Ce que montre Laurence Labrouche, d'autre part, c'est la
nature du rapport avec la tradition qu'a toujours entretenu le
Théâtre du Soleil: de la commedia dell'arte au jeu du clown, du
travail sur le masque aux techniques du théâtre oriental, Ariane
Mnouchkine a toujours puisé dans le savoir immémorial du
théâtre, comme si, pour innover ou simplement parler un langage
.d'aujourd'hui, il fallait d'abord découvrir les traces vives du passé
et leur rendre leur efficacité. En cela comme en beaucoup d'autres
occurrences essentielles, le Théâtre du Soleil obéit à la leçon de
Jacques Copeau: Laurence Labrouche établit avec force les liens
de filiation qui existent entre Ariane Mnouchkine et le patron des
Copiaus.
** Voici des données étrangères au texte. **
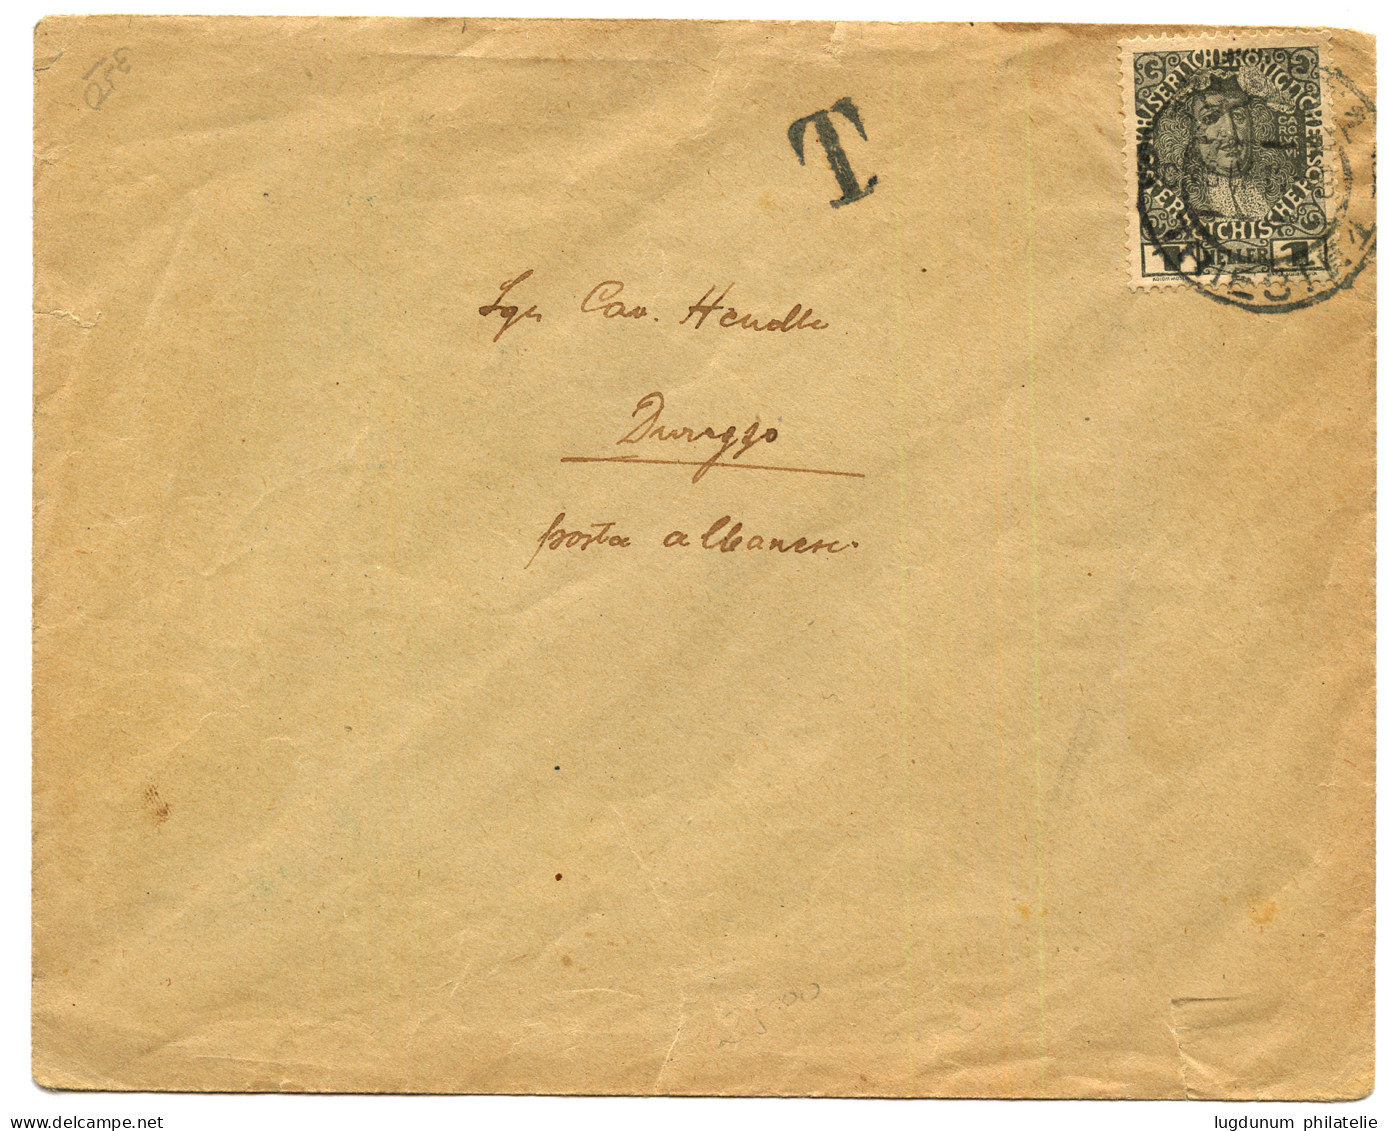 ALBANIA : 1914 AUSTRIA 1h Canc. TRIESTE + "T" Tax Marking On Envelope (PRINTED MATTER Rate) On Envelope To DURAZZO Taxed - Albanien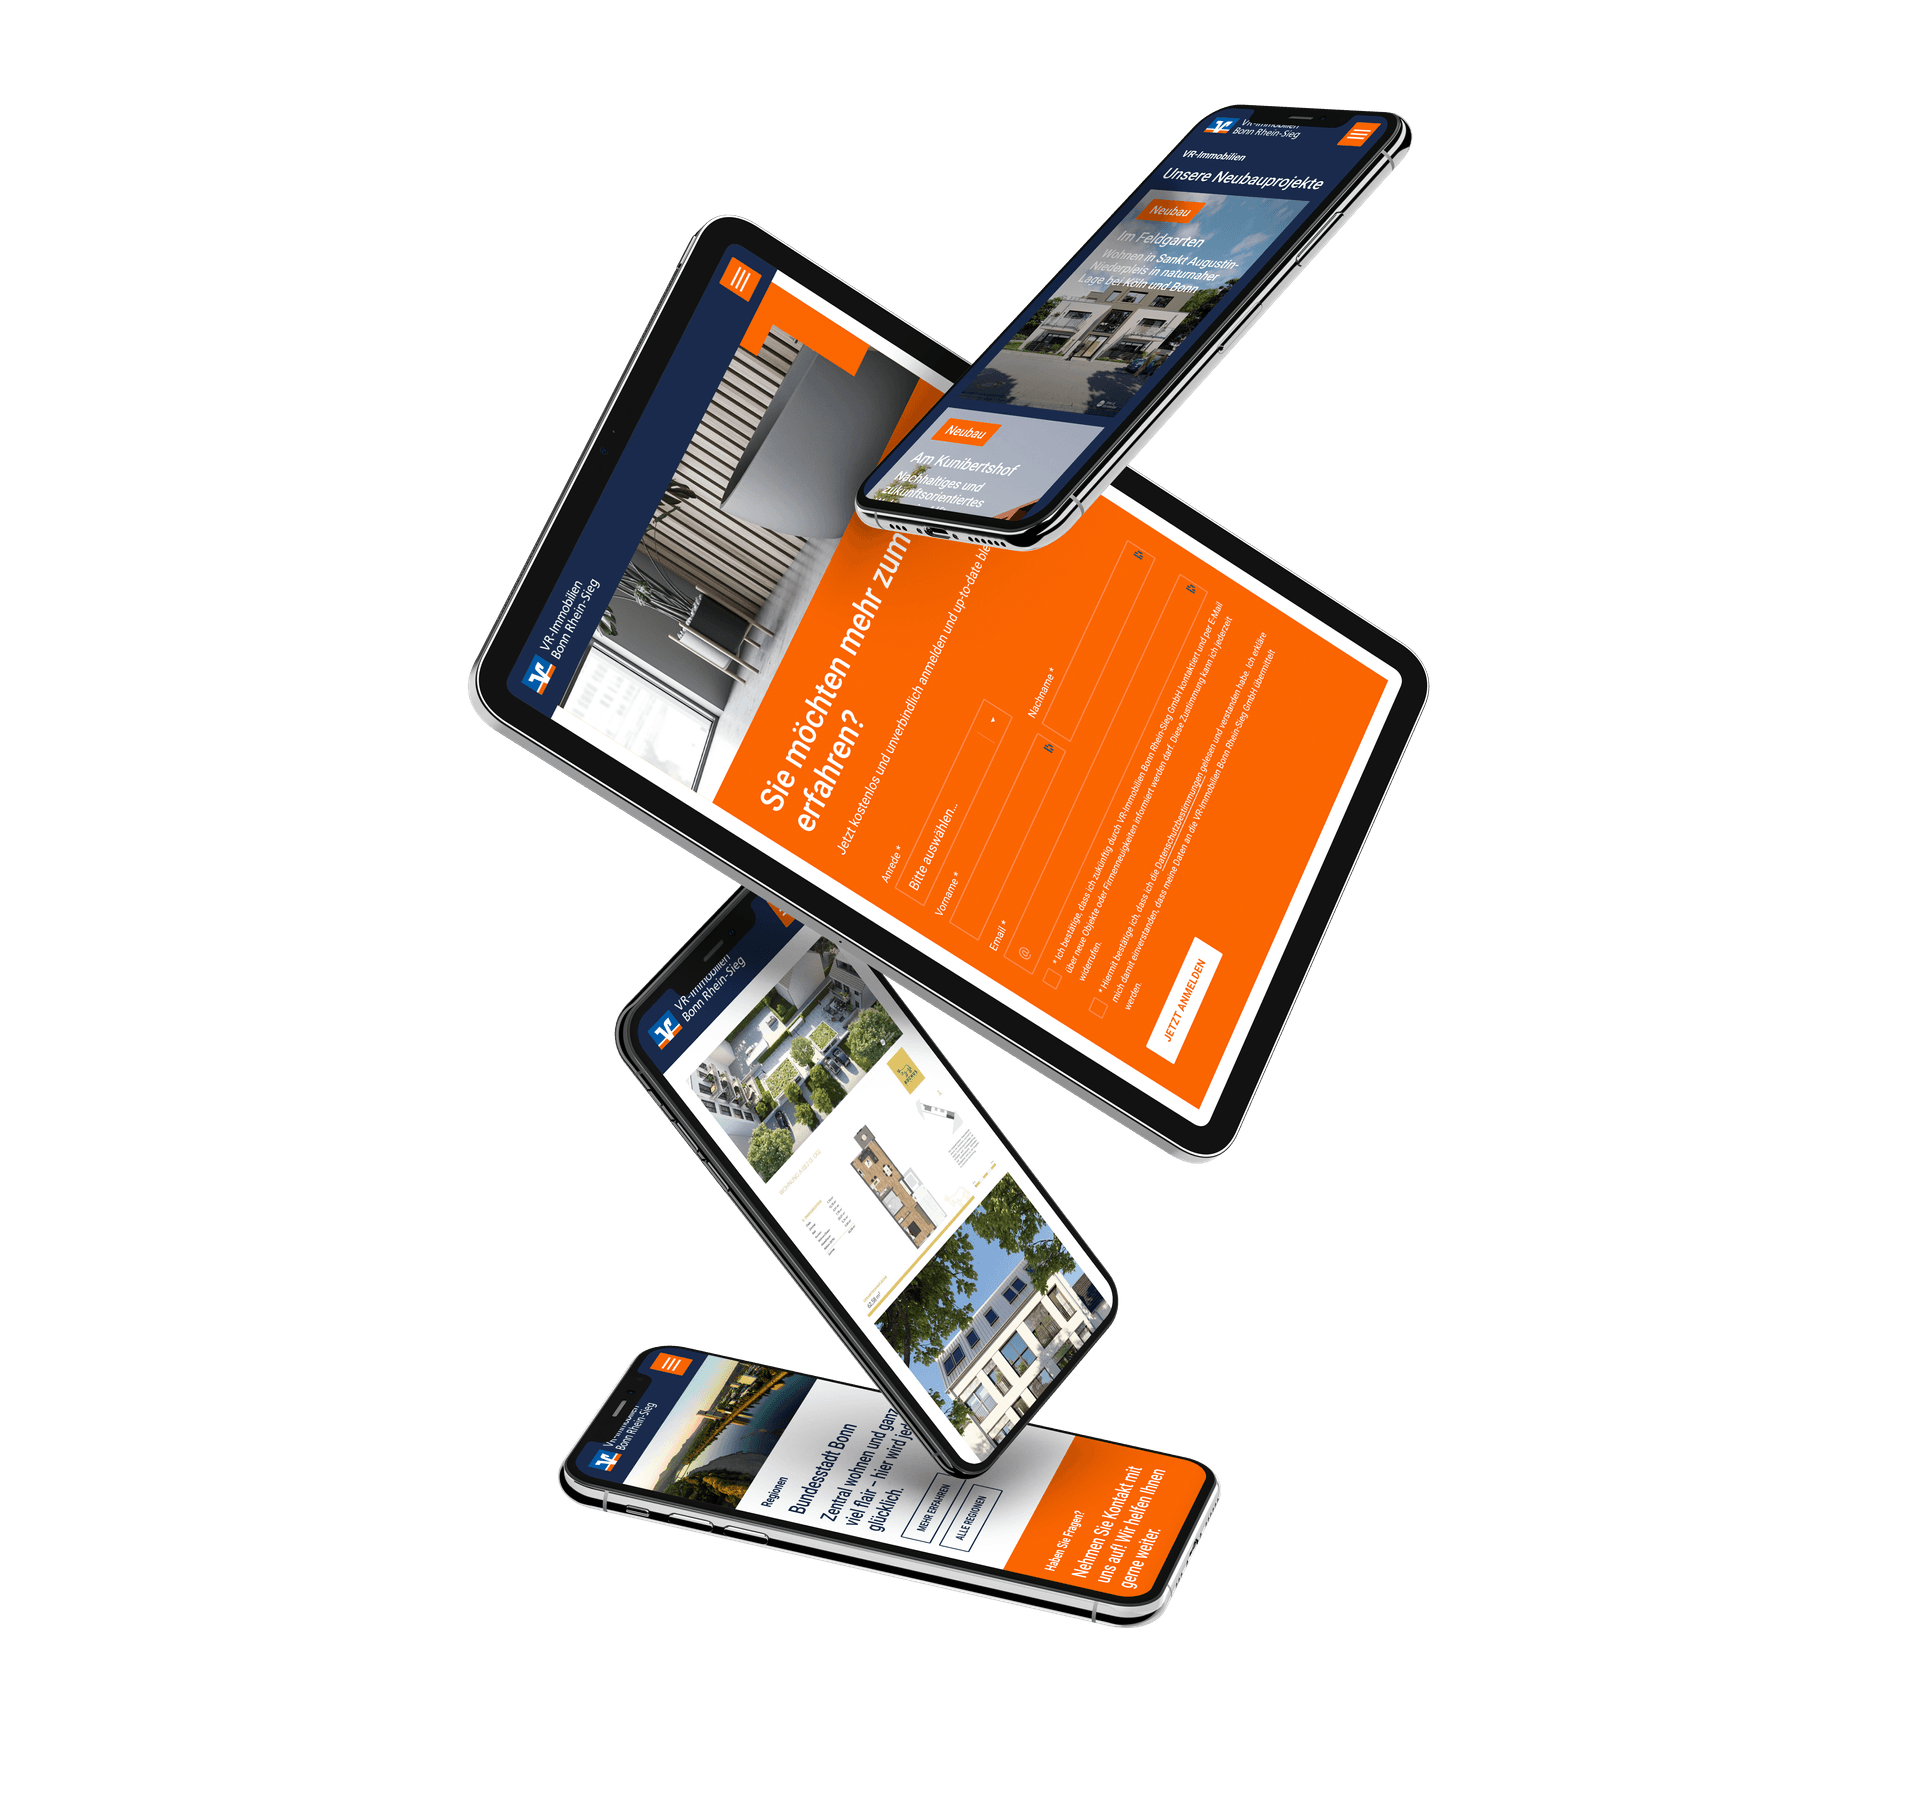 KP_Referenz_VR-Immobilien_Web_Devices.png

Elle montre que le Soleil a enfin donné corps au rêve
poursuivi depuis le Vieux-Colombier et Pernand- Vergelesse et
demeuré pour une bonne part inaccompli. Douée d'une légèreté,
d'une allégresse et d'un esprit combatif qui est l'autre nom d'un
profond plaisir de vivre, à l'opposé de l'austérité de Copeau, mais
aussi obstinée et aussi méfiante que lui à l'égard des pouvoirs,
Ariane Mnouchkine a su montrer que le théâtre savait transformer
la vie (ou aider à l'assumer) en se nourrissant d'elle: condamné
certes à un inachèvement sans cesse renouvelé, il est aussi capable
de l'accomplir dans les figures du jeu et de la fiction, qui donnent
accès aux joies les plus secrètes du coeur.
D'où la triple métaphore du terrassier, du voyageur et de
l'enfant que nous propose Laurence Labrouche, dans sa belle
conclusion, pour suivre au plus près le cheminement d'une troupe
changeante et toujours la même, qui est d'ici et d'ailleurs, tout
entière engagée dans l'instant sans jamais s'y attarder, joyeuse
d'inventer tout en se sachant servante d'un très vieux rituel.